Chronic urticaria (CU) imposes profound impairment on patient's quality of life. Our study was done to evaluate the clinical efficacy and safety of desloratadine combined with dipyridamole, which is a platelet adhesion inhibitor in the treatment of CU. A randomized study was done in 64 autoimmunity CU patients with positive autologous plasma skin test (APST): 34 patients as treatment and 30 controls.
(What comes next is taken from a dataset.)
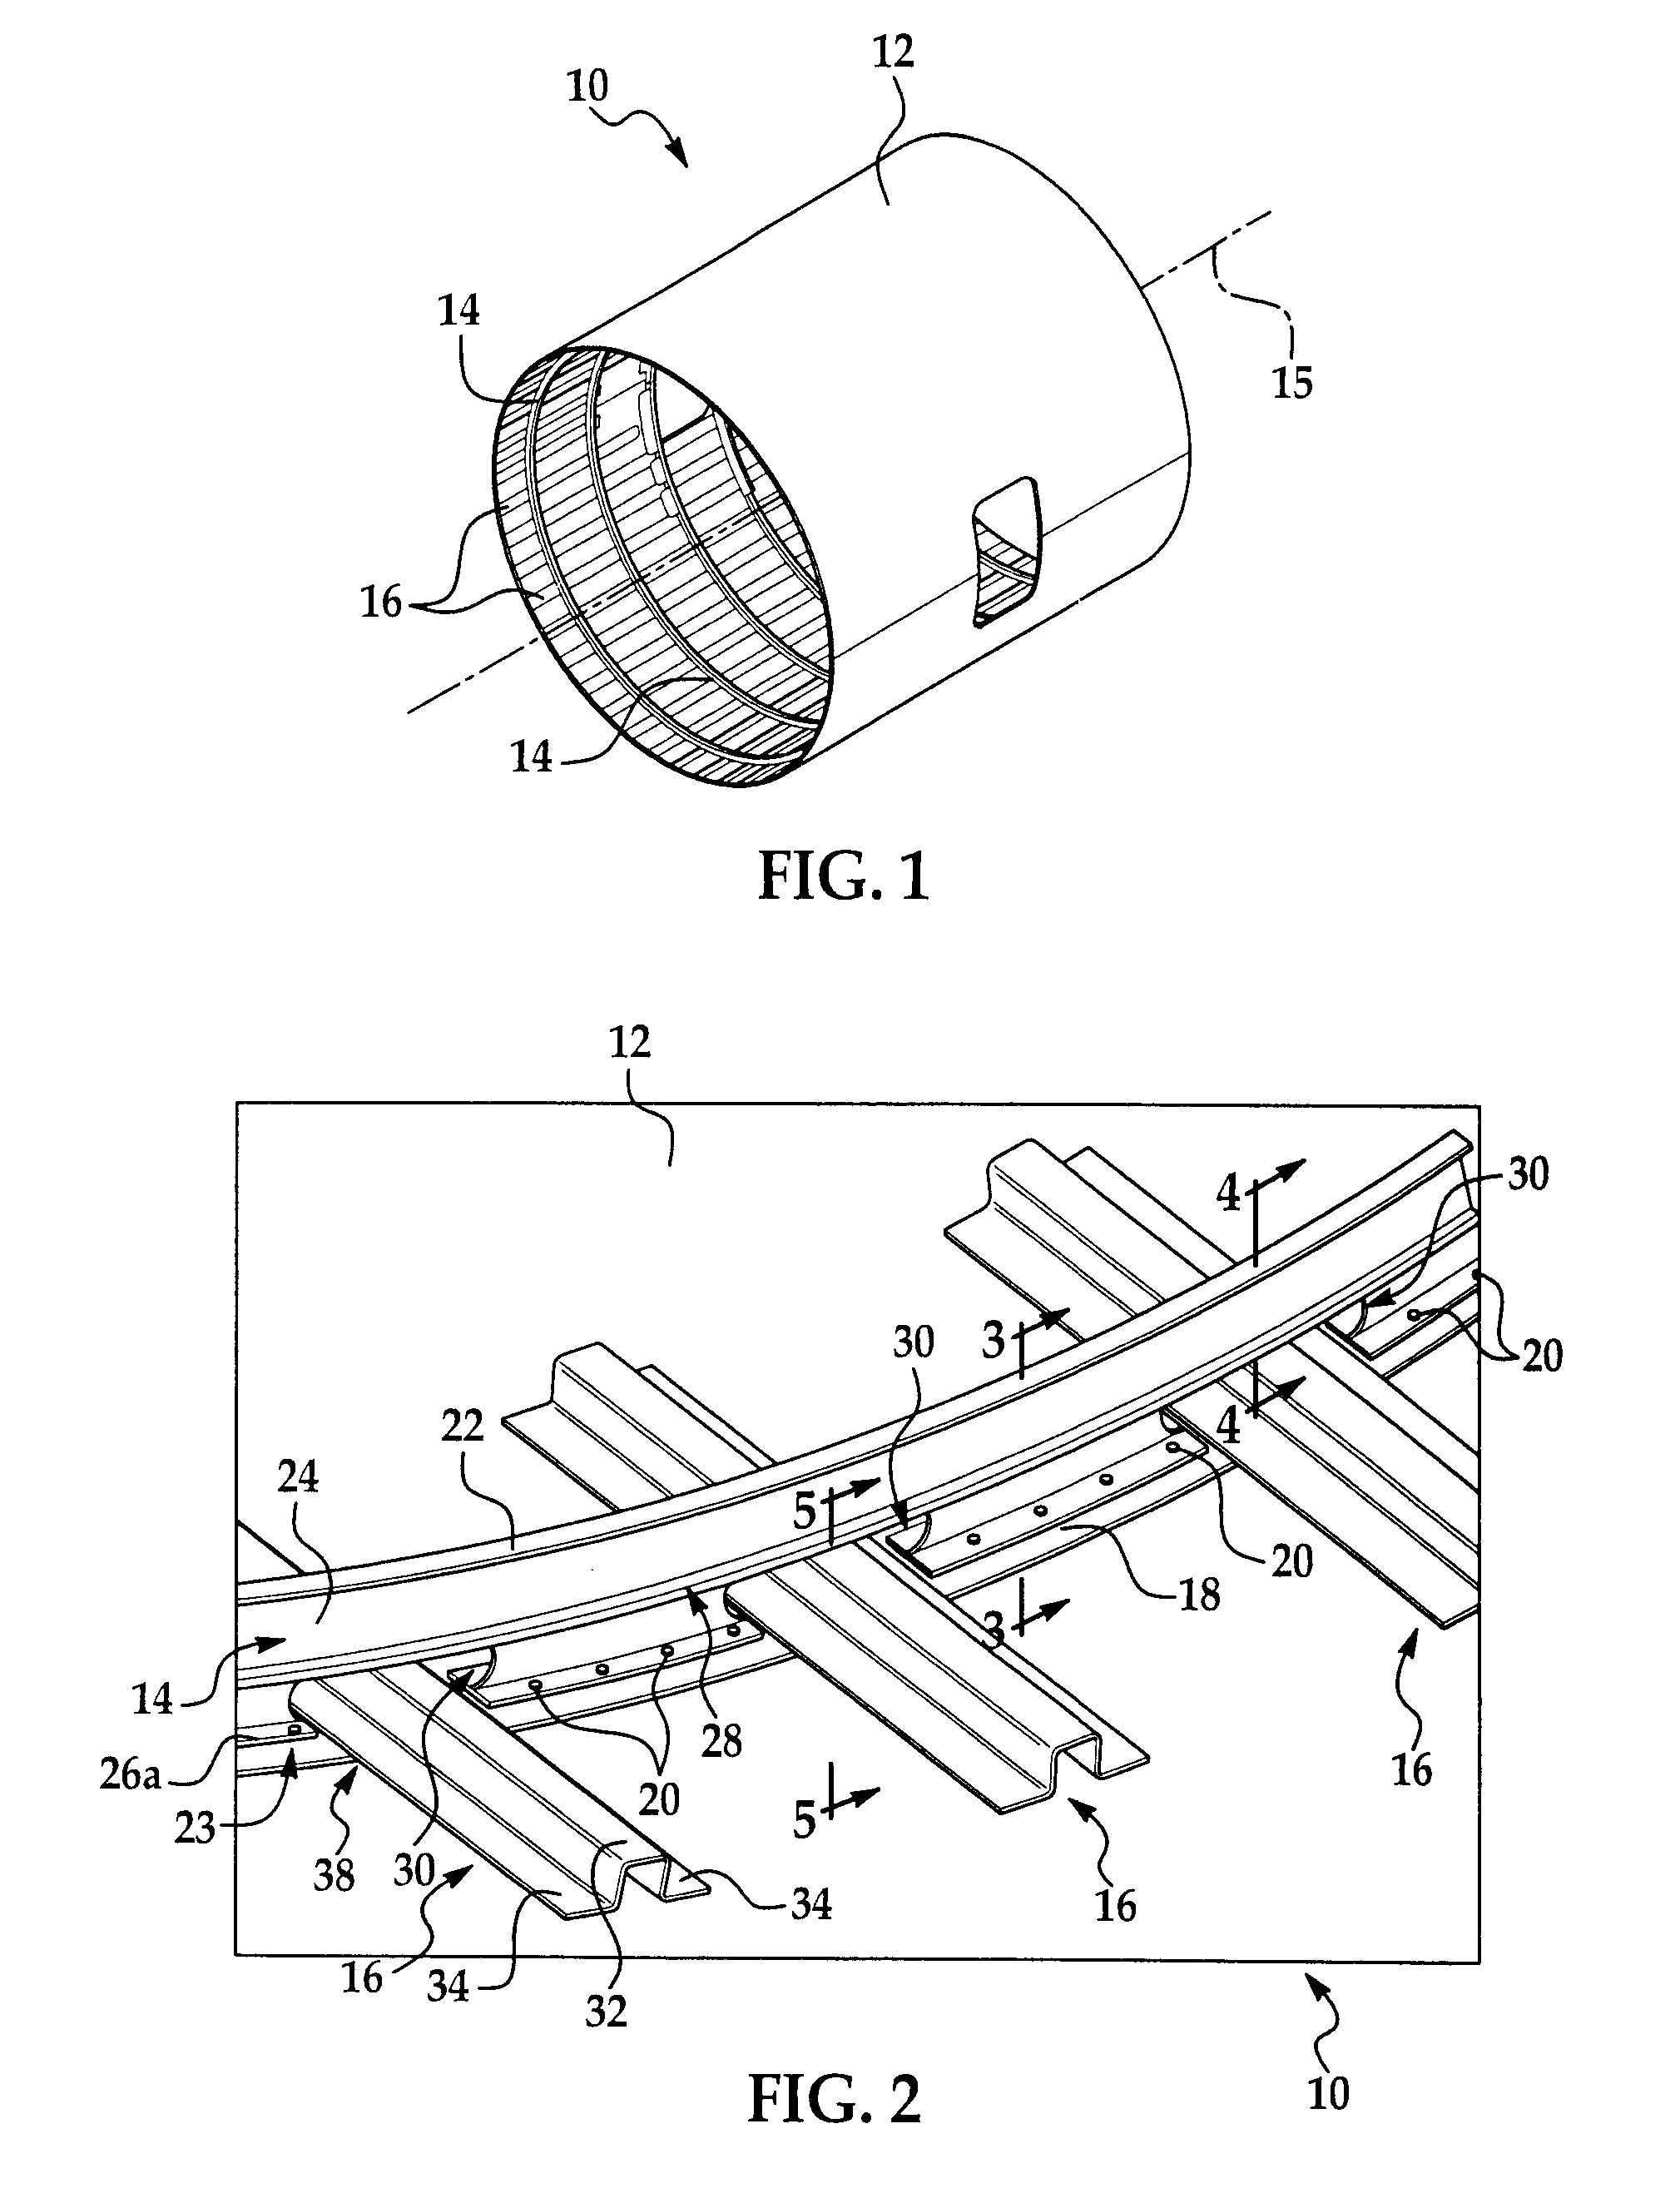 Bonded metal fuselage and method for making the same

The treatment group was treated with desloratadine and dipyridamole, and the control group was treated with desloratadine only. The efficiency and side‐effect were evaluated at the end of treatment. The levels of fragment F 1+2 were measured by enzyme‐linked immunosorbent assay in all patients at pre‐ and post‐treatment. The clinical effectiveness rates of treatment and control group were, respectively, 85.20% (21 cured, 8 obvious effectiveness) and 70% (14 cured, 7 obvious effectiveness); they have a significant difference ( x  = 4.09, P  < 0.05). Before treatment, the weals and pruritus in the treatment and control group were, respectively, (1.74 ± 0.90, 1.79 ± 0.73) and (1.67 ± 0.84, 1.73 ± 0.78). After treatment, the weals and pruritus in treatment and control group were, respectively, (0.38 ± 0.73, 0.58 ± 0.89) and (0.67 ± 0.96, 1.10 ± 1.12). These findings provide new insights into the pathogenesis of CU and suggest new therapeutic opportunities for treating this disease.